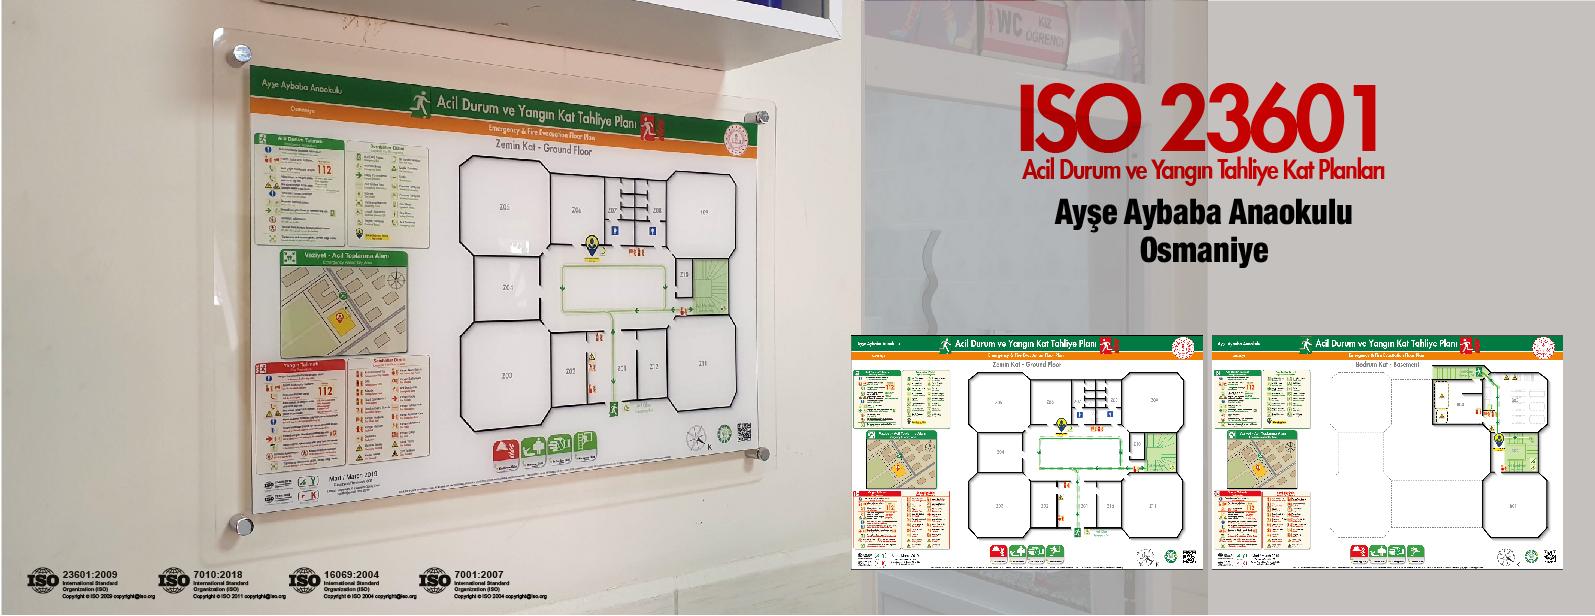 ISO 23601 Acil Durum Ve Yangın Tahliye Kat Planları Osmaniye Ayşe Aybaba Anaokulu
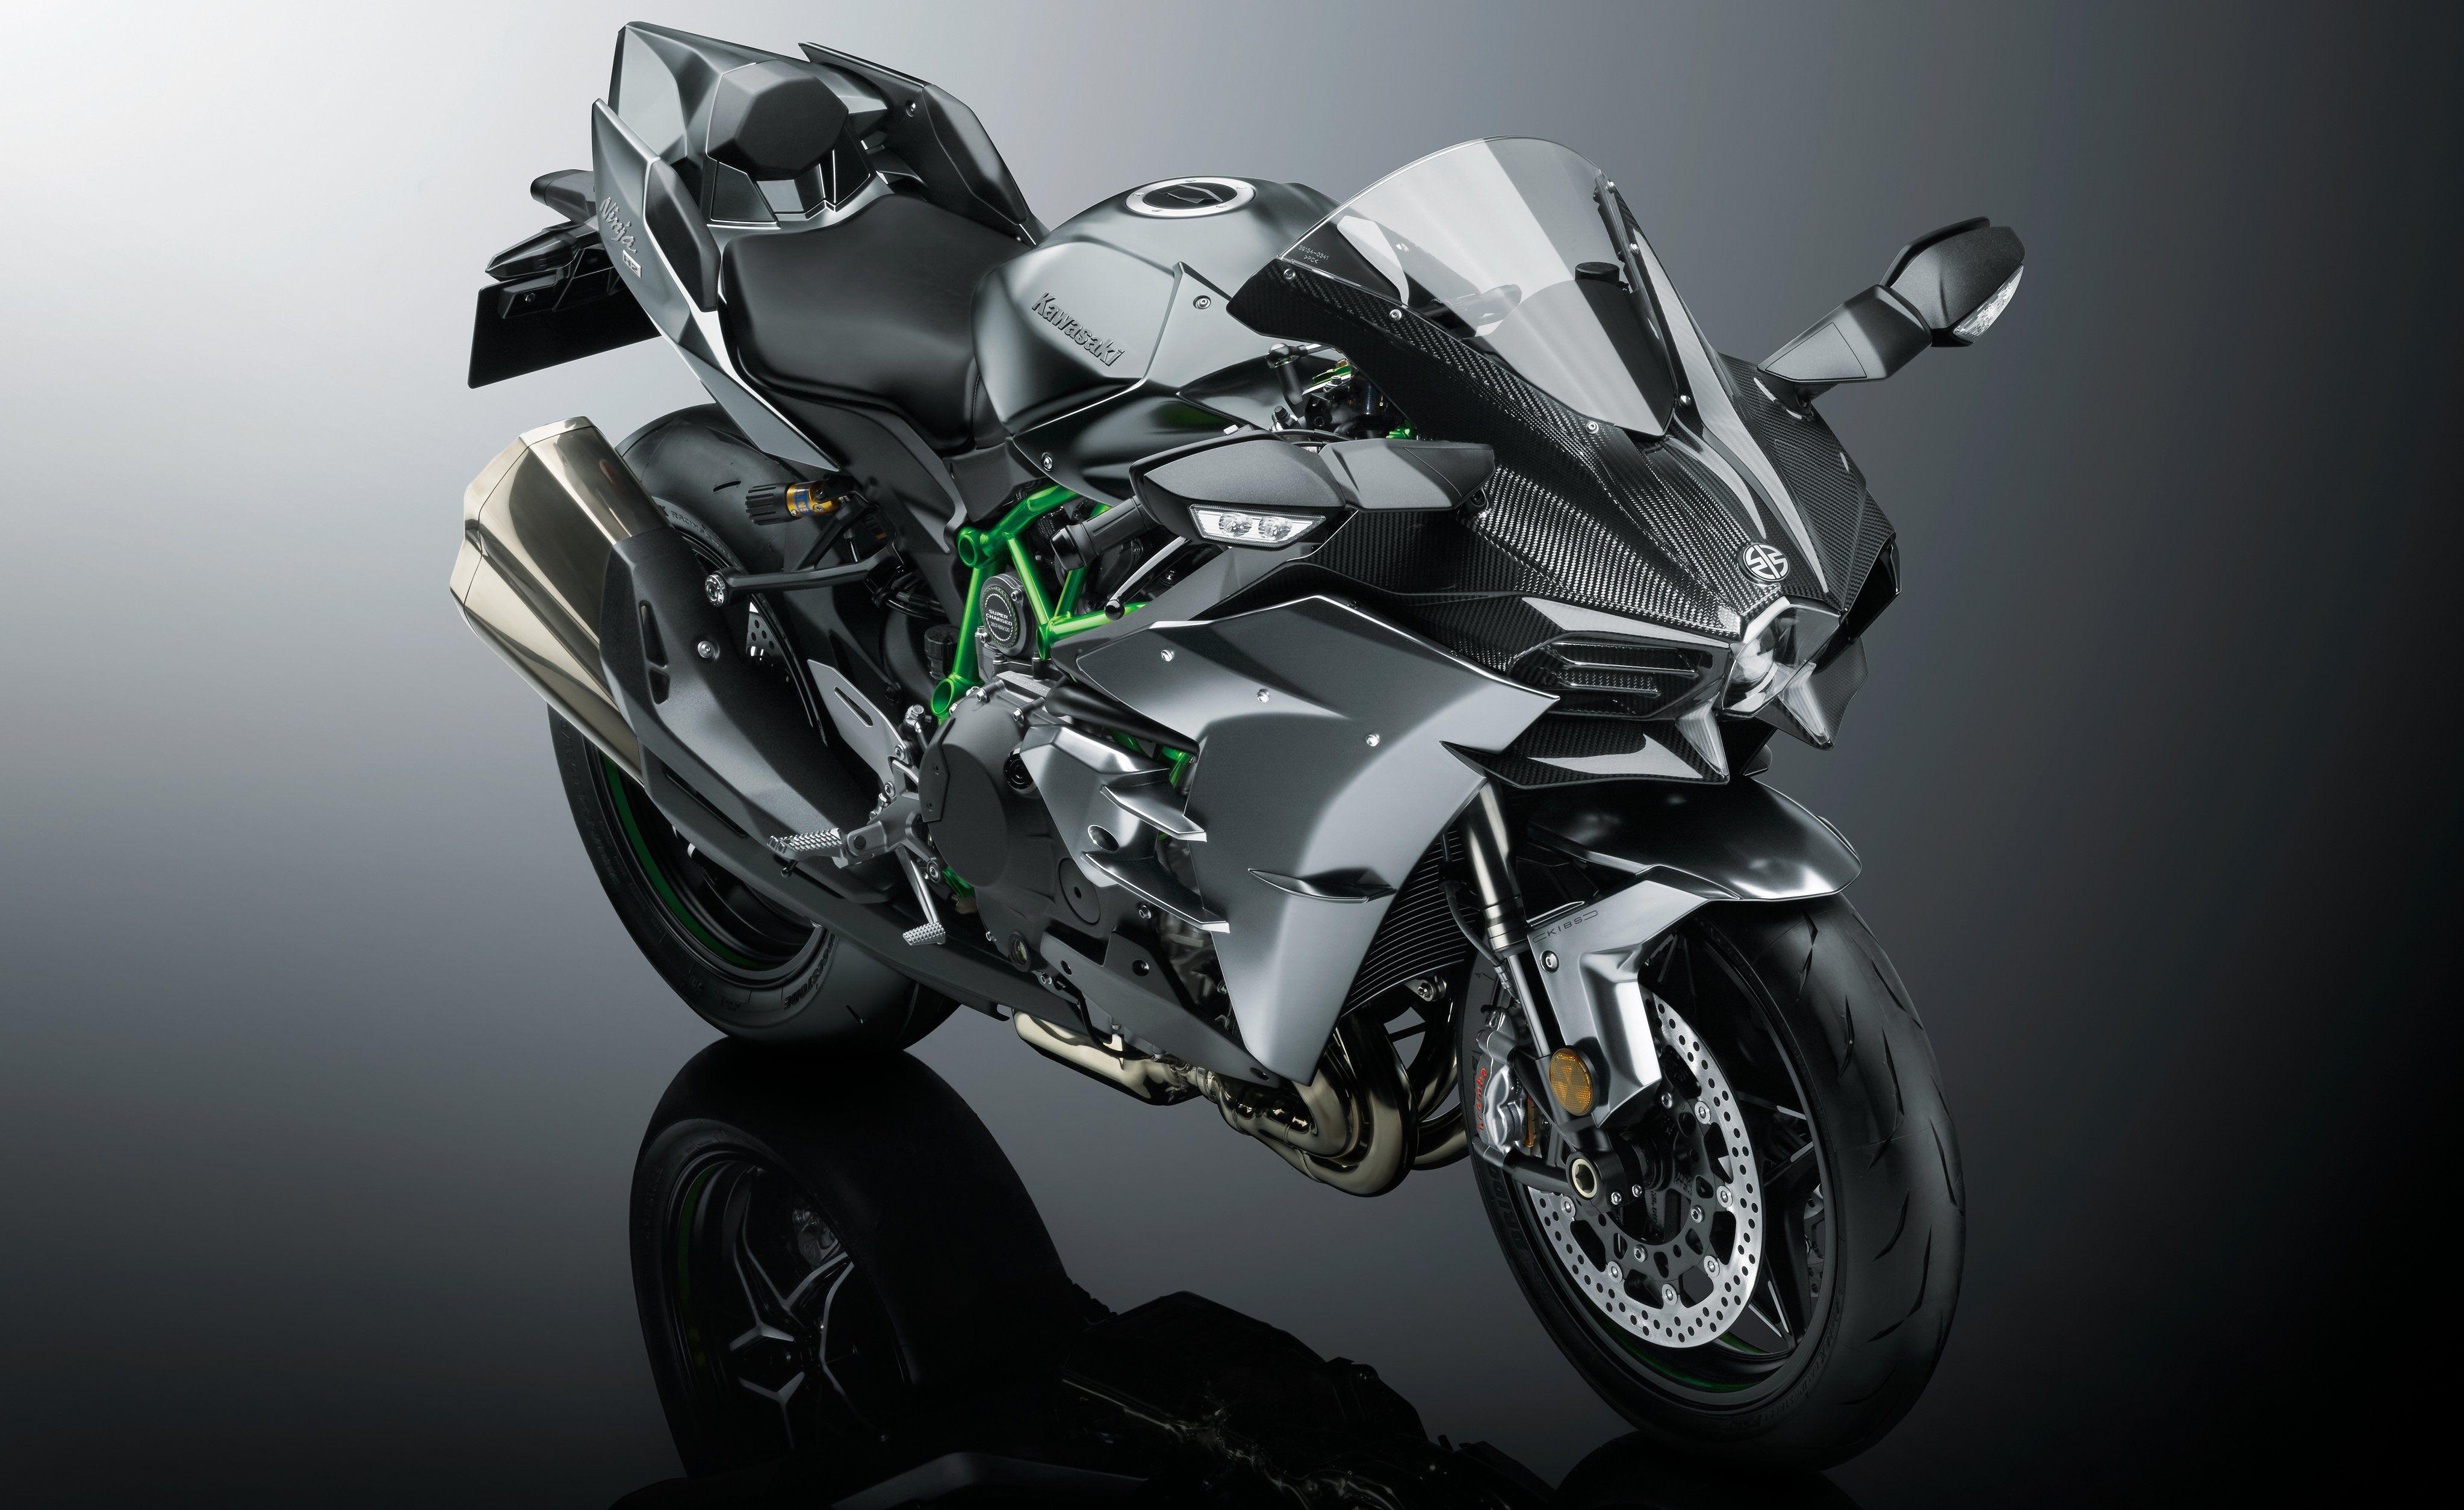 Download 96 Gambar Motor Kawasaki Ninja H2r Terbaik Dan Terupdate
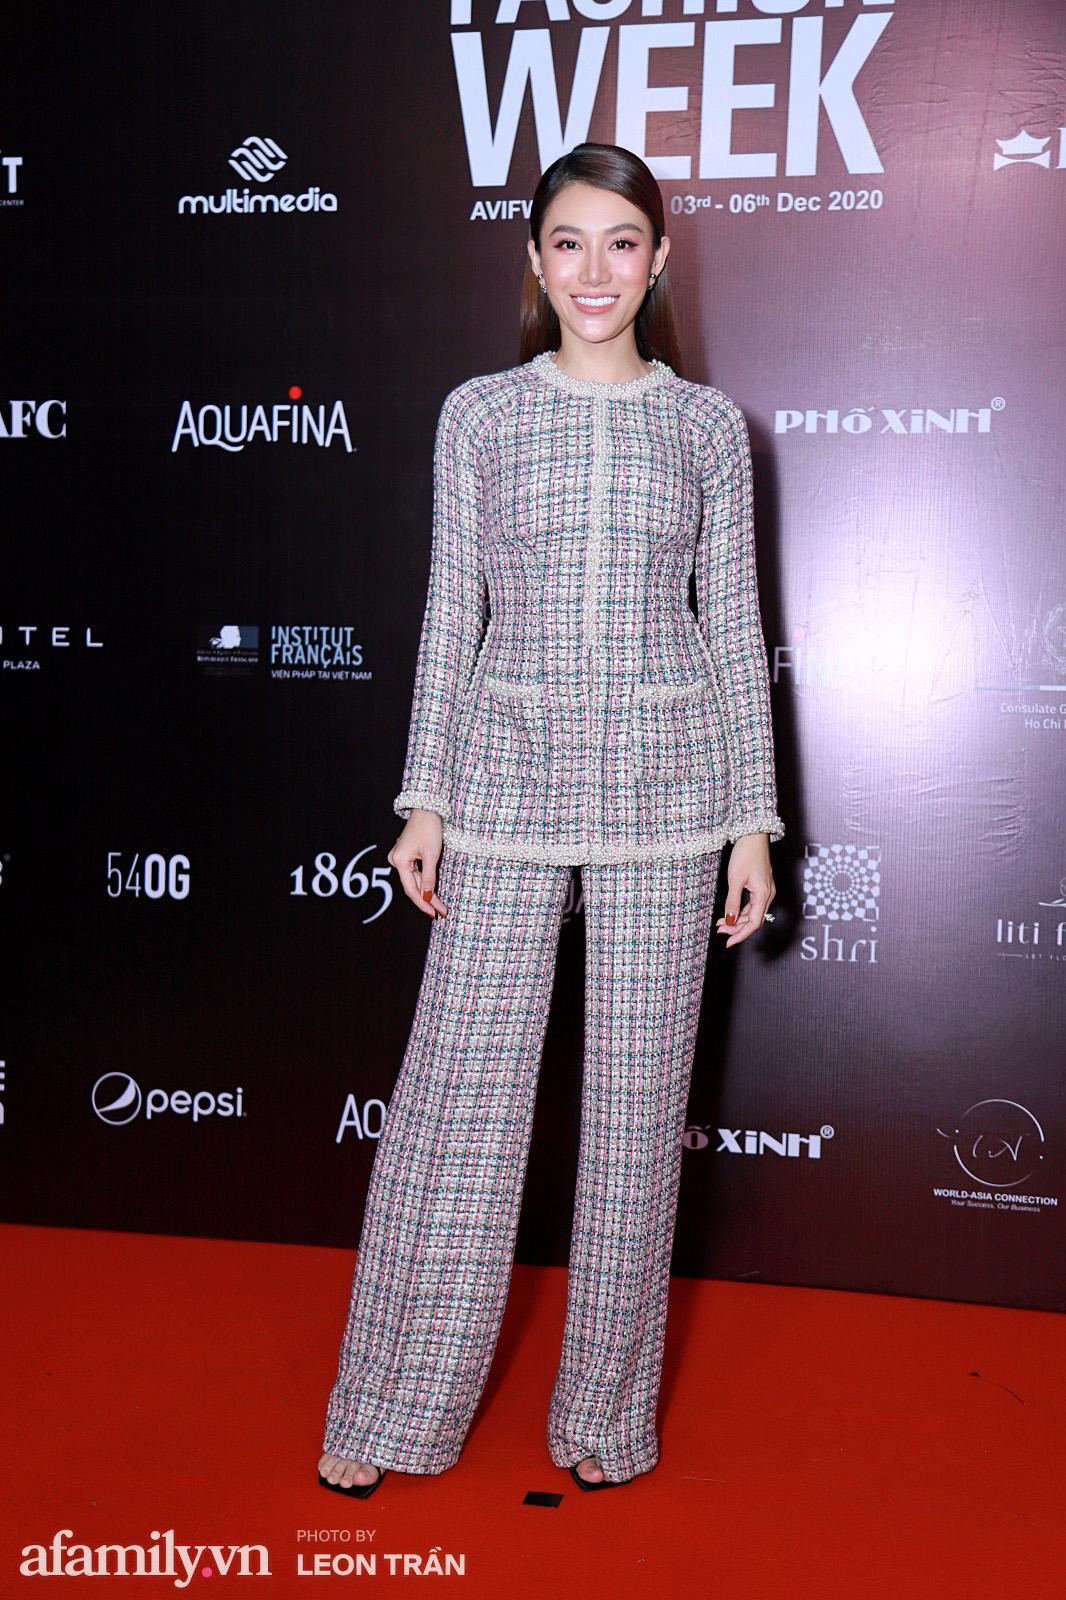 Thảm đỏ Aquafina Vietnam International Fashion Week 2020 ngày 3: Nhã Phương trẻ xinh trong bộ ren trắng, Diệu Nhi nhìn khác lạ trong bộ áo dài cách tân  - Ảnh 8.

WORK REQUIRED
Restate the data exactly, though only from the line that contains "Download 96 Gambar" through its last line, both ends included and with the pictures left out.

YOUR SOLUTION
 Download 96 Gambar Motor Kawasaki Ninja H2r Terbaik Dan Terupdate
 Thảm đỏ Aquafina Vietnam International Fashion Week 2020 ngày 3: Nhã Phương trẻ xinh trong bộ ren trắng, Diệu Nhi nhìn khác lạ trong bộ áo dài cách tân  - Ảnh 8.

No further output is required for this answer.